И они побежали к Маринке.
Они поиграли в автомобили, потом в самолёты. А потом Маринка сказала:
- Давай смотреть марки.
- Не хочу, - решительно сказал Саша. - И вообще я ухожу.
- А мне теперь папа разрешает смотреть свой альбом, - сказала Маринка. - Это теперь наш общий альбом. Мы с ним вместе собираем марки.
Маринка, не дожидаясь, когда Саша уйдёт, вытащила альбом и положила его на стол.
- Смотри, вот новая марка республики Алжир. А вот новая кубинская марка. Правда, красивая?

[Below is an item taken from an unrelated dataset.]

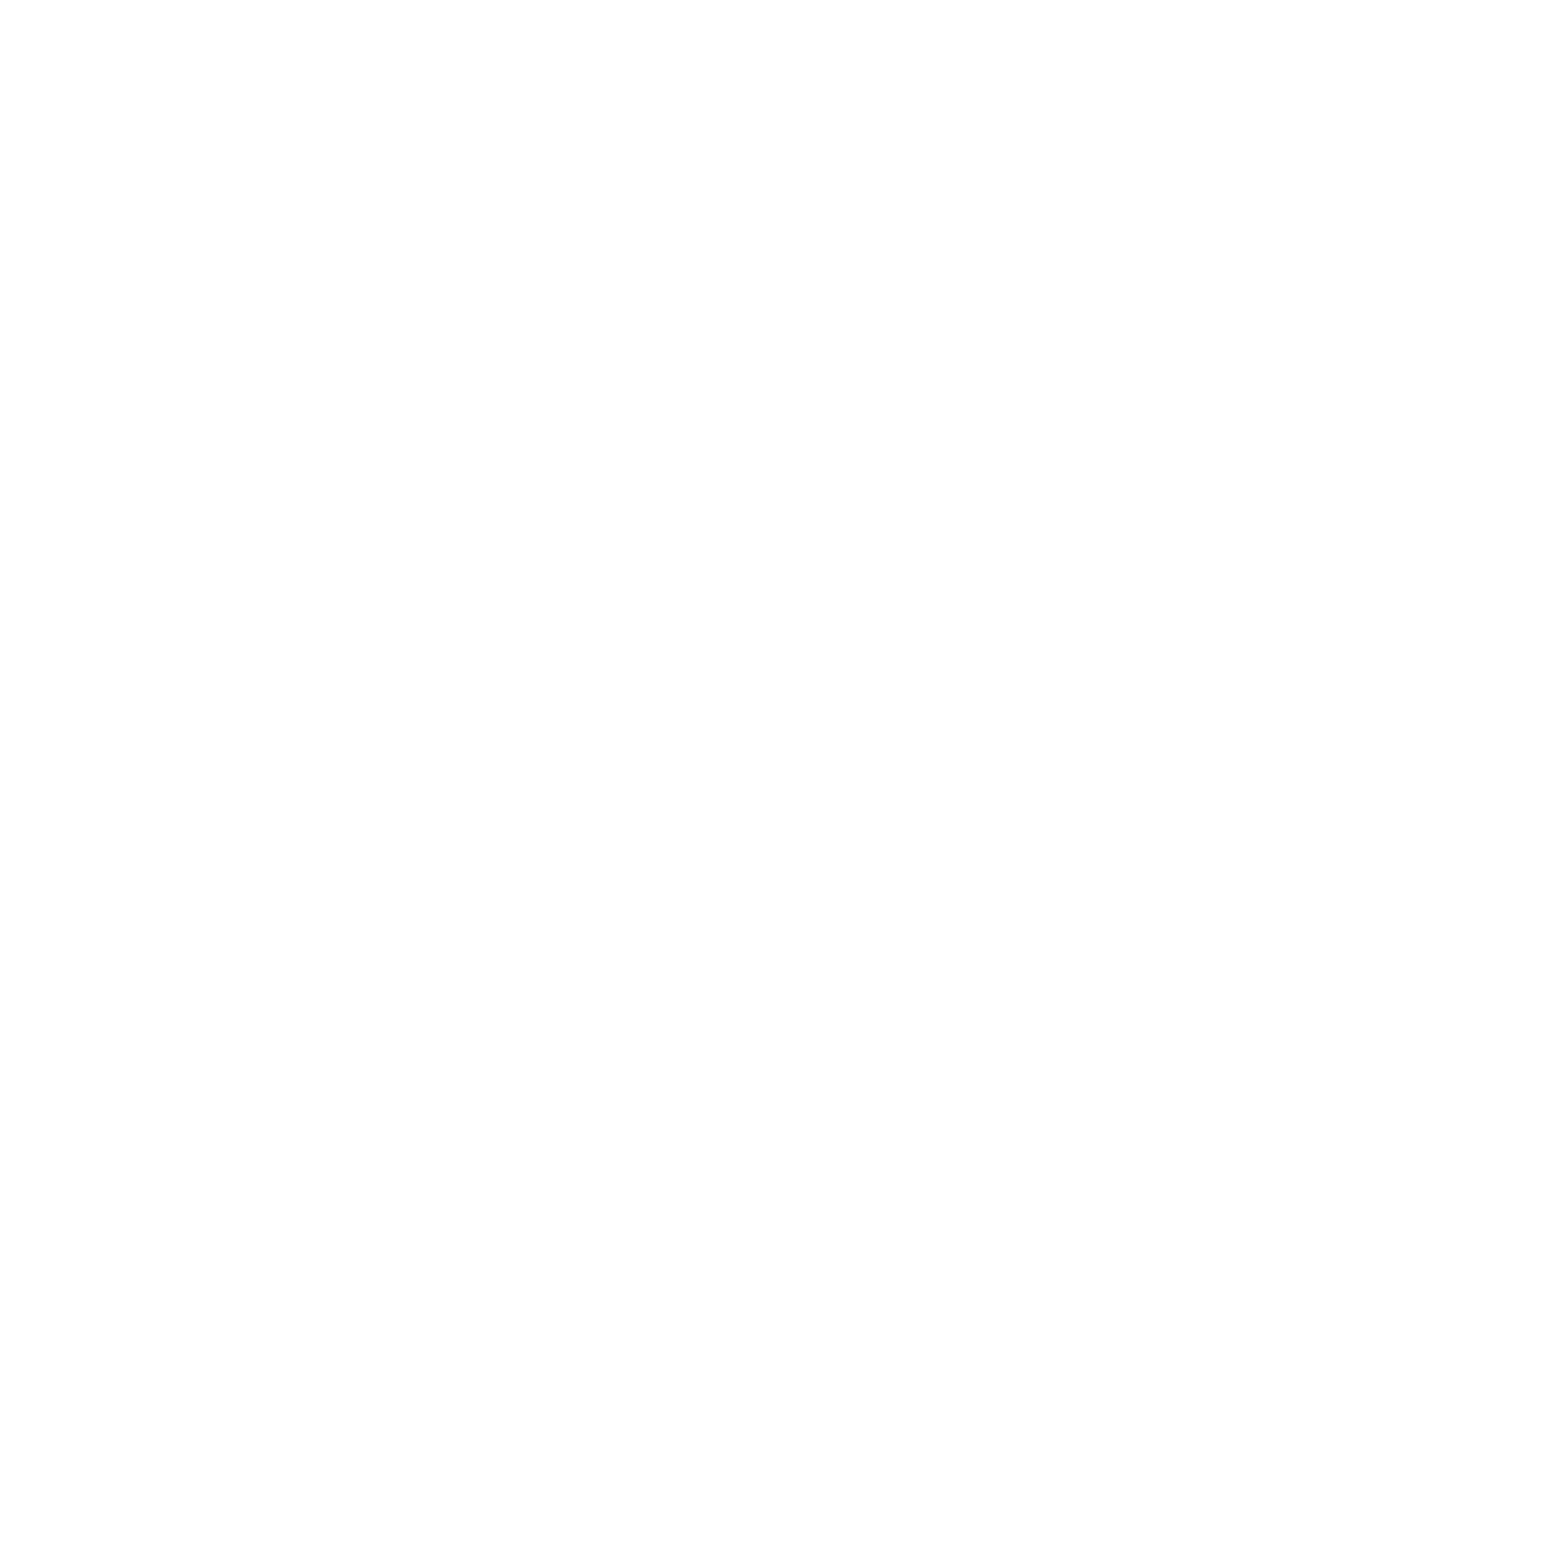 Maybank logo for dark backgrounds (transparent PNG)

Саша взял марку и долго разглядывал её рисунок. А Маринка несколько раз выходила из комнаты, чтобы показать, что она полностью доверяет Саше.

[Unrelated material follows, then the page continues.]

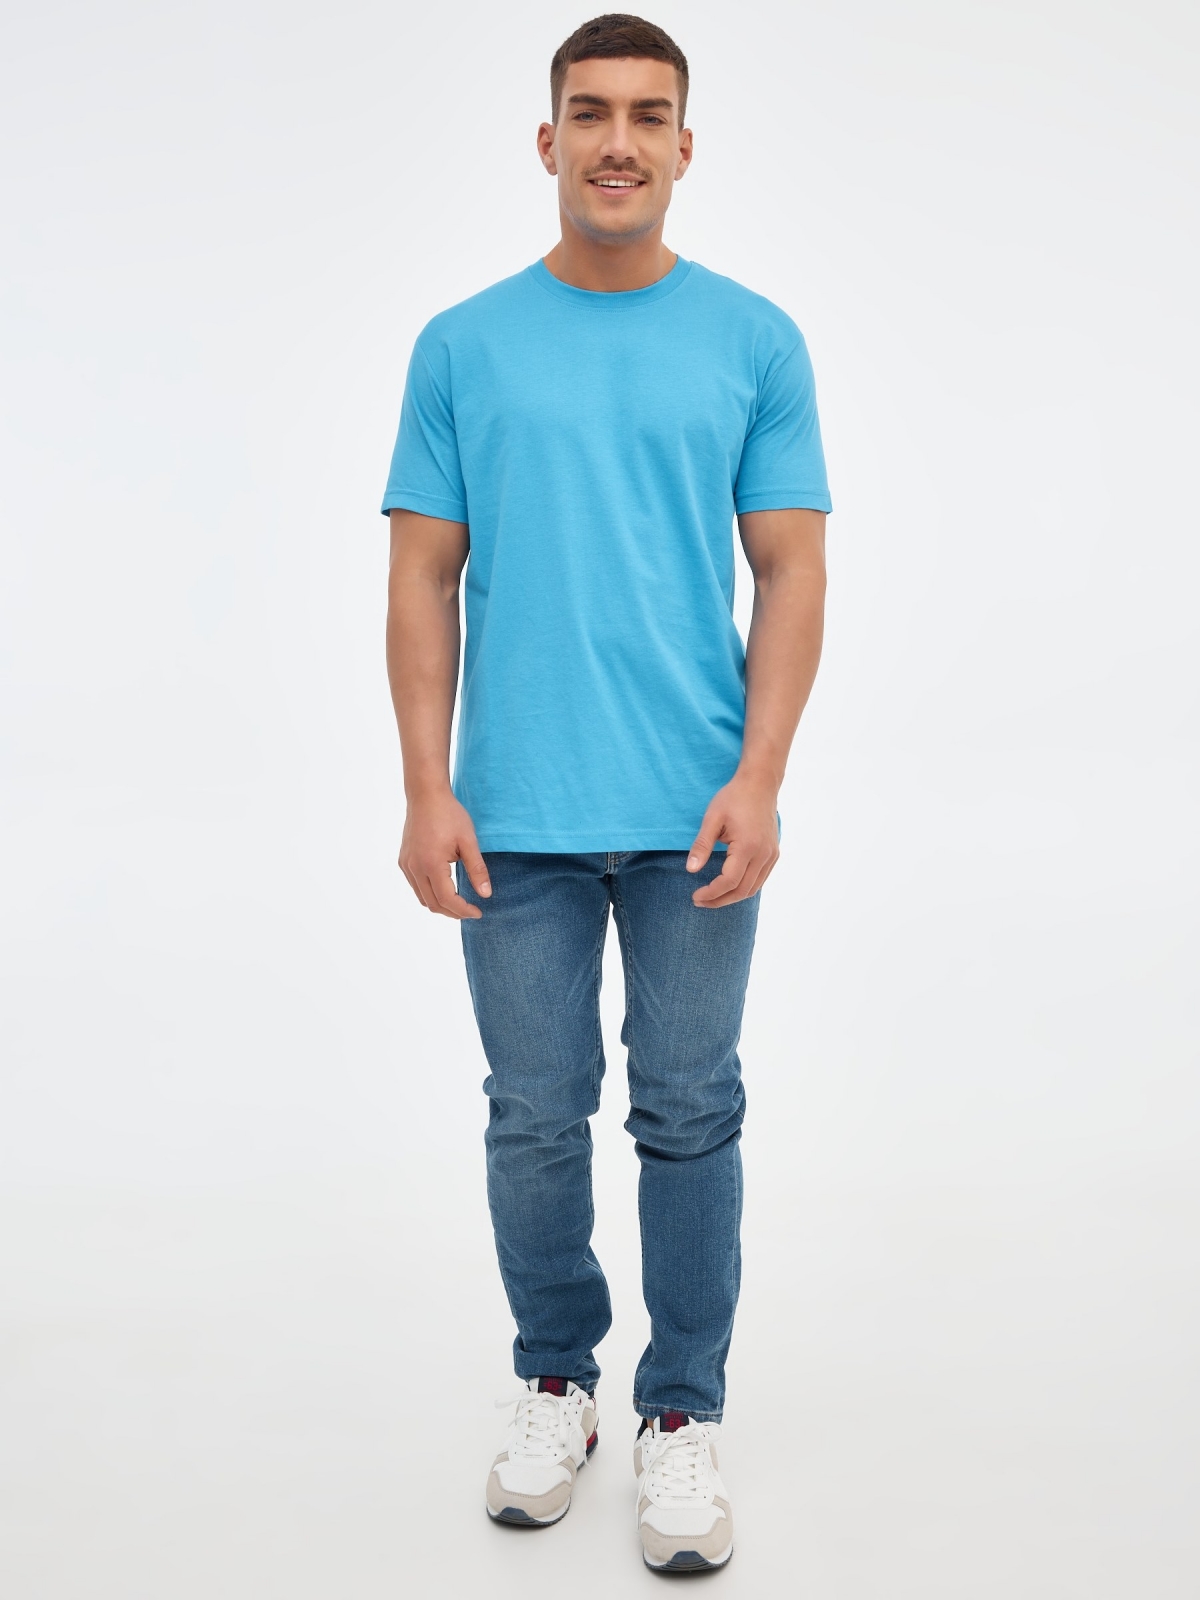 T-shirt básica manga curta azul claro vista geral frontal

...Когда Саша открыл входную дверь в свою квартиру, он услыхал голос Александры Ивановны.
- Может быть, он перестал ходить в школу, потому что его один мальчик дразнил "девчонкой"? - сказала Александра Ивановна. - За его длинные волосы. А может быть, ещё что-нибудь случилось, в этом надо разобраться...
Саша слышал, как бабушка жалобно всхлипнула.
- Ну, что вы, право, Евдокия Фроловна, - услышал Саша голос Петра Петровича. - Ничего ведь страшного не произошло. Мальчик выходит в жизнь, на его пути первые трудности... Ну, вот он перед ними и спасовал.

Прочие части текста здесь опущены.